Alternatively, electrohydrodynamic (EHD) co-jetting [32] can result in anisotropic particles with distinct internal geometries [3237]. The unique multicompartmental architecture allows for the possible incorporation of multiple therapeutics – and polymers – in selected compartments and can result in distinct release profiles for each therapeutic. While most of the work published using EHD co-jetting has focused on the use of similar polymers in different compartments, [35,36,38,39] our more recent work has demonstrated the incorporation of a variety of different polymers, such as hydrogels (e.g., poly(ethylenimine) and poly(ethylene oxide)) [37,40], polysaccharides (dextran) [41], or poly(acrylamide-co-acrylic acid) [42], poly(methyl methacrylate) [37], poly(styrene) [37], and poly(vinyl cinnamate) [37,43,44]. In addition, we have also illustrated the incorporation and release of siRNA from bicompartmental particles with pronounced efficacy in an in vitro model [40]. In this manuscript, we demonstrate the selective incorporation of a stimuli responsive polymer in bicompartmental microparticles via EHD co-jetting and confirm the anisotropic degradation of one compartment only. We further demonstrate the incorporation of a low molecular weight cancer therapeutic selectively in one compartment and display pH dependent release from anisotropic microparticles.

2. Materials and methods

2.1. Materials

Dextran, chloroform, dimethylformamide (DMF), dimethyl sulfoxide (DMSO), pyridinium p-toluenesulfonate, 2-methoxypropane triethylamine, acetic acid, sodium acetate, phosphate buffered saline (PBS), poly[tris(2,5-bis(hexyloxy)-1,4-phenylenevinylene)-alt-(1,3-phenylenevinylene)] (PTDPV) as the green marker for confocal imaging, poly[(m-phenylenevinylene)-alt-(2,5-dihexyloxy-p-phenylenevinylene)] (MEHPV) as the blue marker for confocal imaging, and tween 20 were used as purchased from Sigma Aldrich, USA. Polylactide-co-glycolide (PLGA) with a ratio of 50:50 lactide-to-glycolide and a molecular weight of 44 kDa was purchased from Corbion Purac Corporation. Irinotecan was purchased from Ontario Chemicals.

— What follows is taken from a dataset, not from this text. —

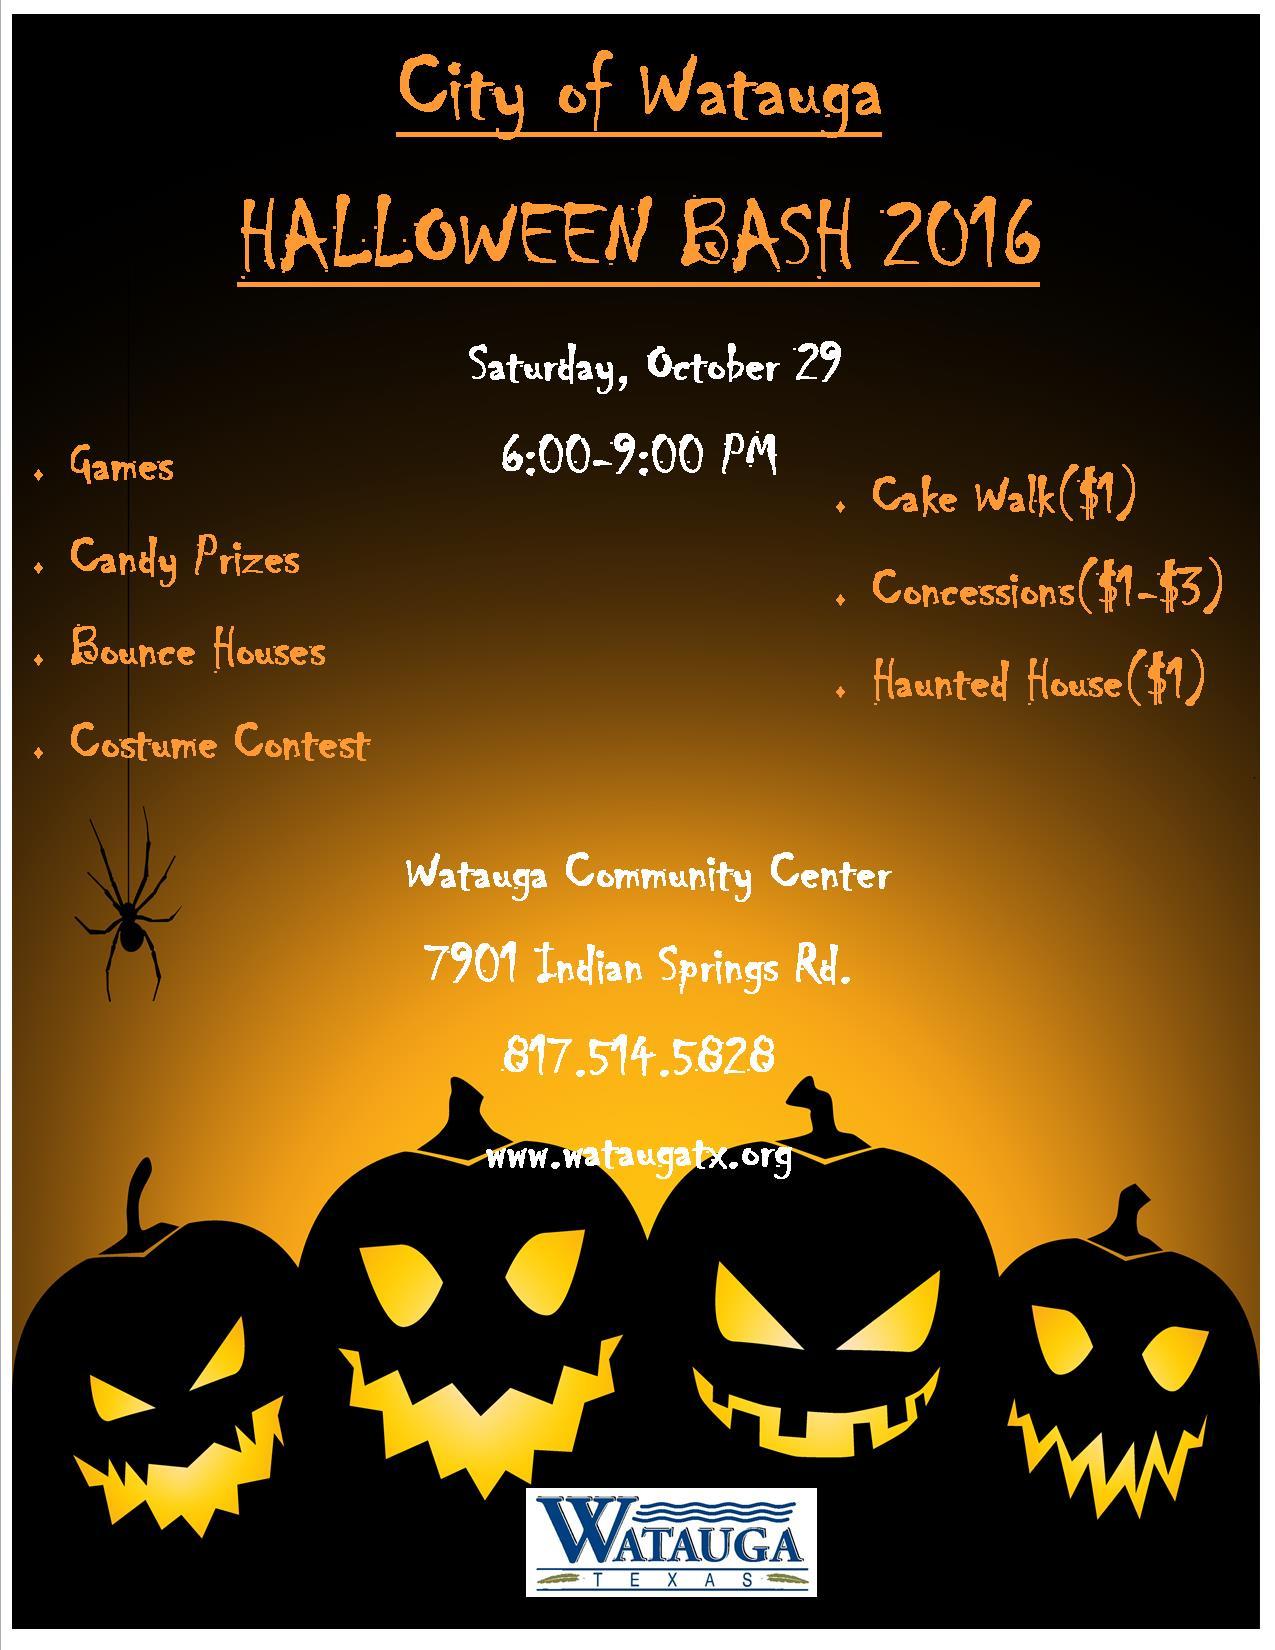 Wataugas Halloween Bash 2020, October 27 Watauga, TX   Official Website

2.2. Polymer 1 synthesis and analysis

Acetal-modified dextran (polymer 1) was synthesized as previously described by Fréchet et al. [45]. The polymer was analyzed via IR and NMR spectroscopy to confirm the presence of the appropriate functional groups and polymer purity. The analysis for the degree of protection and cyclic vs. noncyclic protection was done through NMR analysis.

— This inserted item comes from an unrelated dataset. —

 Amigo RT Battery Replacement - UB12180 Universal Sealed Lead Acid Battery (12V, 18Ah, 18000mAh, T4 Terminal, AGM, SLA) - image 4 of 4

2.3. Electrohydrodynamic Co-jetting

Microparticles were fabricated using the electrohydrodynamic co-jetting procedure as described previously [39]. The jetting solutions were made with a 97:03 ratio of chloroform to DMF and a polymer concentration of 15% w/v. For compartments that contained polymer 1, 75% w/w of the total polymer was polymer 1 while the rest was PLGA. Bicompartmental microparticles containing PLGA in one side and a mixture of PLGA and polymer 1 in the second hemisphere were fabricated using side-by-side 26 gauge needles and a voltage of approximately 6–7 kV. EHD co-jetting was done at a flow rate of 0.4 ml/h, a needle-to-substrate distance of 30 cm, and at room temperature. A metal sheet acted as the counter electrode, onto which the microparticles were deposited and then collected for further processing. The jetted microparticles were imaged via CLSM (Confocal Laser Scanning Microscopy) using an Olympus Confocal Microscope, and an Amray SEM (Scanning Electron Microscopy), at the Microscopy & Imaging Laboratory facilities at the University of Michigan.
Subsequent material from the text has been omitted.